Most American downtowns are surrounded by “parking craters,” or big spaces with swaths of parking lots and no buildings. But they have virtually disappeared from DC (all the parking for Congress being a key exception, of course) because downtown office space is in high demand and because each building can only be so tall.
Downtown DC’s last privately-controlled parking crater, left over from when the Convention Center was demolished. Photo by the author.
Most surface parking lots are built as what zoning calls “an accessory use,” which means they’re an “accessory” to something else on the same lot. The parking lot at Sam’s Park & Shop in Cleveland Park, or the Capitol’s parking lots, are “accessory” parking lots.
Parking craters, on the other hand, are usually not accessory parking directly tied to another land use; they’re paid parking lots whose owners are holding onto land that they speculate could be a future development opportunity.
A parking lot requires minimal maintenance, but pays out some income in the interim. Most importantly, a parking lot is “shovel ready” — unlike a building with tenants in place, whose leases might or might not expire at the same time, a parking lot can be emptied and demolished on short notice when opportunities arise.
Here’s a map of all of DC’s parking craters in 2011, before NoMa saw a huge influx of residents and City Center was built.
High rents and short buildings make parking craters impractical
The opportunity that many “parking crater” developers are waiting for is the chance to build a big office tower. Offices pay higher rents to landlords than apartments (although in the best locations, retail or hotels can be even more valuable).
However, the banks who make construction loans to developers rarely allow new office buildings to be built before a large, well-established company has signed a long-term “anchor tenant” lease for much of the new building’s space. If the building isn’t pre-leased, the result can be a bank’s worst nightmare: a “see-through tower” that cost millions of dollars to build, but which isn’t paying any rent.
Within downtown DC, robust demand and high rents mean that landowners face a very high opportunity cost if they leave downtown land or buildings empty for a long time. Instead of demolishing buildings years before construction starts, developers can make room for new buildings by carefully lining up departing and arriving tenants, as Carr Properties did when swapping out Fannie Mae for the Washington Post.
Less often, a developer will build new offices “on spec,” or without lease commitments in place. A spec developer usually bets on smaller companies signing leases once they see the building under construction. Downtown DC has a constant churn of smaller tenants (particularly law firms and associations) that collectively fill a lot of offices, but few are individually big enough to count as anchor tenants.
Because office buildings in DC are so short, they’re relatively small, and therefore the risk of not renting out the office space is not that high. In other words, it’s easier to build in downtown DC.
In a city like Chicago, by contrast, few developers would bother building a 250,000 square foot, 12-story office building to rent out to smaller tenants. Instead, they could wait a few more years and build a 36-story building, lease 500,000 square feet to a large corporation, and still have 250,000 square feet of offices for smaller tenants.

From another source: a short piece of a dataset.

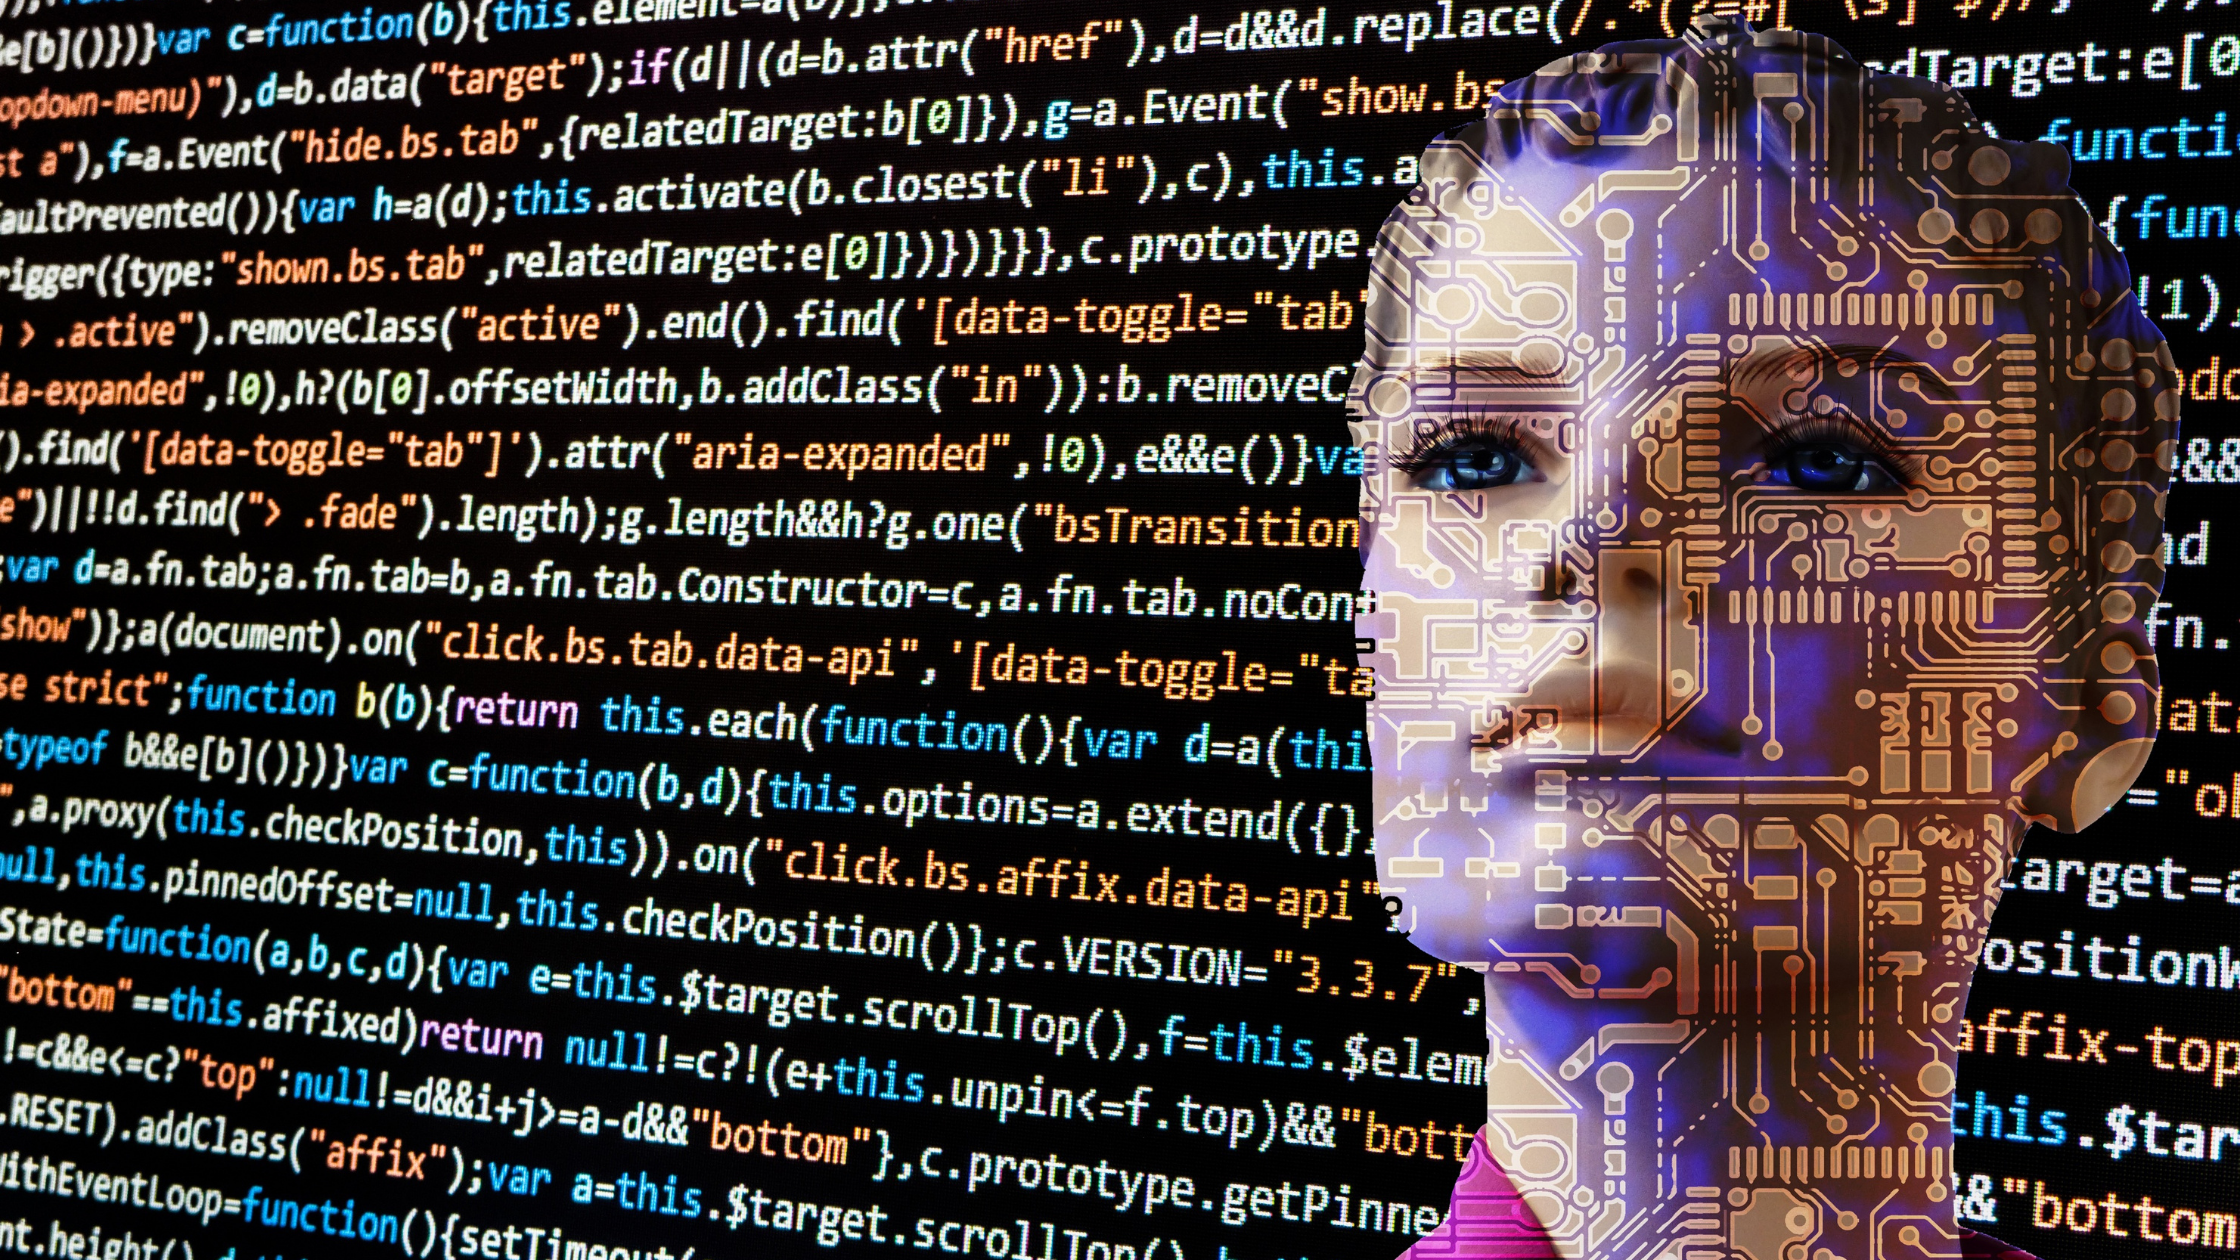 beleggen in artificiele intelligentie

This customer is always right
There is one big anchor tenant in DC’s office market: the federal government. The government has some peculiar parameters around its office locations, which also help to explain where DC does have parking craters.
Private companies often don’t mind paying more rent for offices closer to the center of downtown, which puts them closer to clients, vendors, and amenities like restaurants, shops, or particular transit hubs. The government, on the other hand, has different priorities: it would rather save money on rent than be close-in. The General Services Administration, which handles the government’s office space, defines a “Central Employment Area” for each city, and considers every location within the CEA to be equal when it’s leasing offices. It also usually stipulates that it wants offices near Metro, but never specifies a particular line or station.
As rents in prime parts of downtown rose, the government began shifting leased offices from the most expensive parts of downtown to then-emerging areas. Large federal offices filled new office buildings in the “East End,” helping to rejuvenate the area around Gallery Place and eliminate many parking craters.